I use elasticsearch to index two types of objects -
Data Details
Contract object ~ 60 properties (object size - 120 bytes) Risk object object ~ 125 properties (object size - 250 bytes)
The contract is the parent of the risk element (_parent)
I store 240 million such objects in one index (210 million risk units, 30 million contracts)
Index Size - 322 gb
Cluster information
11 m2.4x.large EC2 boxes [68 GB memory, 1.6 TB storage, 8 cores] (1 field is a node load balancer with node.data = false) 50 fragments 1 replica
elasticsearch.yml
node.data: true http.enabled: false index.number_of_shards: 50 index.number_of_replicas: 1 index.translog.flush_threshold_ops: 10000 index.merge.policy.use_compound_files: false indices.memory.index_buffer_size: 30% index.refresh_interval: 30s index.store.type: mmapfs path.data: /data-xvdf,/data-xvdg
I start elasticsearch nodes with the following command: /home/ec2-user/elasticsearch-0.90.2/bin/elasticsearch -f -Xms30g -Xmx30g
My problem is that I execute the following query on the type of risk element and it takes about 10-15 seconds to return data for 20 records.

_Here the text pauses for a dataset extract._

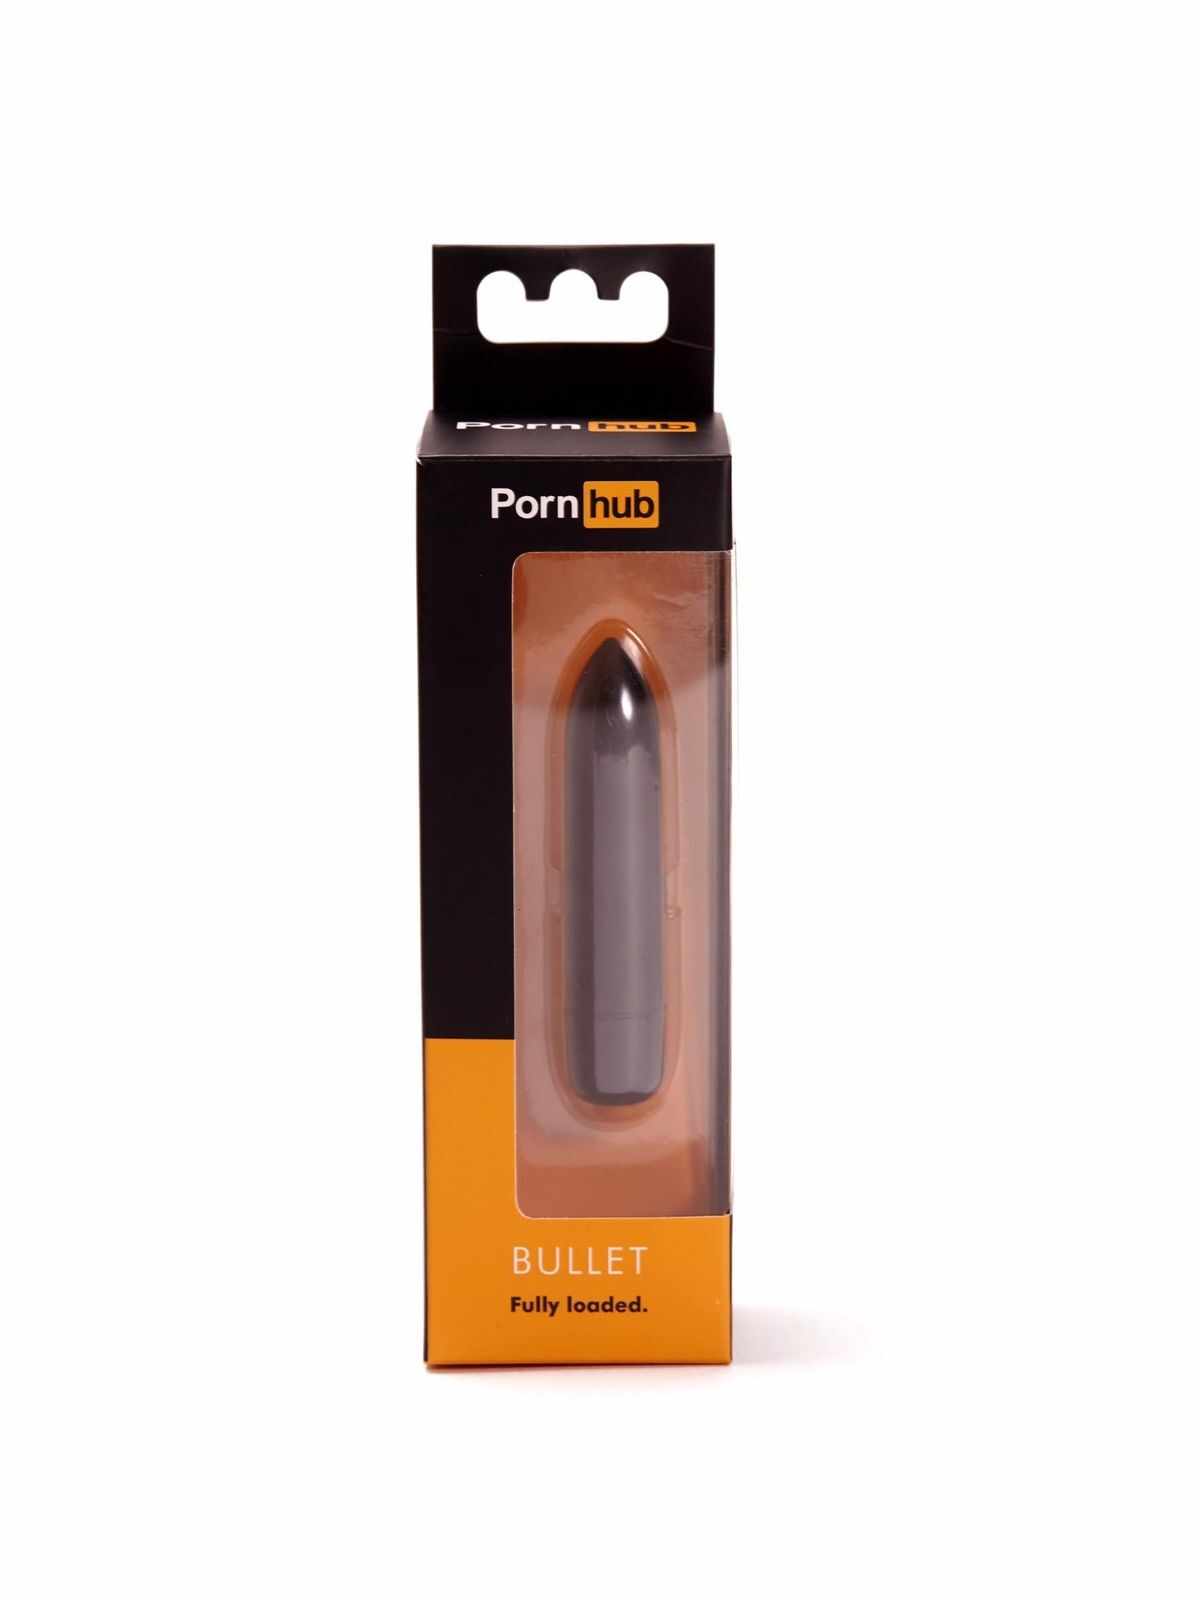 Mini vibrator Porn Hub Bullet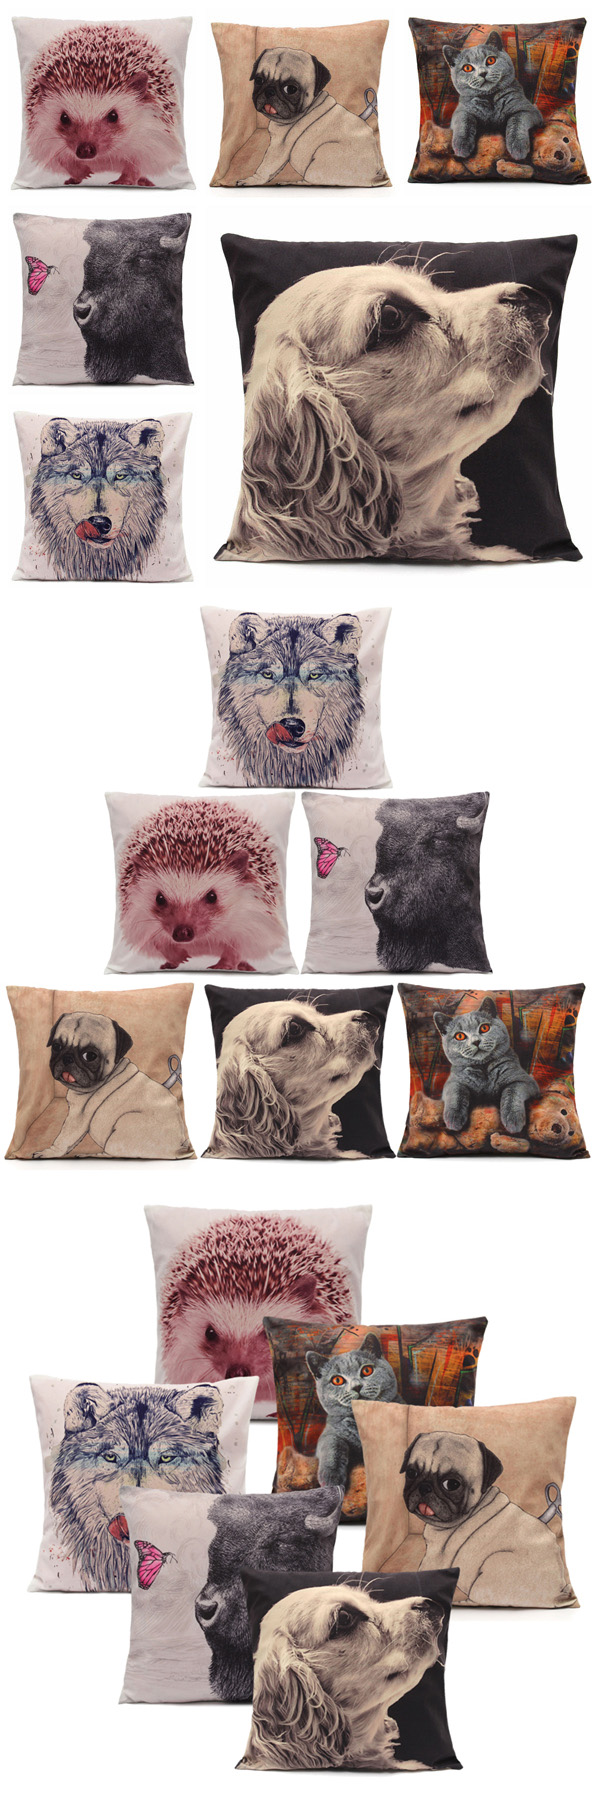 Vivid-3D-Animal-Short-Plush-Throw-Pillow-Case-Home-Sofa-Car-Cushion-Cover-1007487-1

I run this with a load of 50 simultaneous users and a massive index load of about 5,000 risk elements that occur in parallel.
Request (with parent attachment)
Http: //: 9200 / contractindex / riskitem / _search *
{ "query": { "has_parent": { "parent_type": "contract", "query": { "range": { "ContractDate": { "gte": "2010-01-01" } } } } }, "filter": { "and": [{ "query": { "bool": { "must": [{ "query_string": { "fields": ["RiskItemProperty1"], "query": "abc" } }, { "query_string": { "fields": ["RiskItemProperty2"], "query": "xyz" } }] } } }] } }
Single table queries
Query1 (This query takes about 8 seconds.)
<!-- language: lang-json --> { "query": { "constant_score": { "filter": { "and": [{ "term": { "CommonCharacteristic_BuildingScheme": "BuildingScheme1" } }, { "term": { "Address_Admin2Name": "Admin2Name1" } }] } } } } **Query2** (This query takes around 6.5 seconds for Top 10 records ( but has sort on top of it) <!-- language: lang-json --> { "query": { "constant_score": { "filter": { "and": [{ "term": { "Insurer": "Insurer1" } }, { "term": { "Status": "Status1" } }] } } } }
Can someone please help me on how I can improve the performance of this request?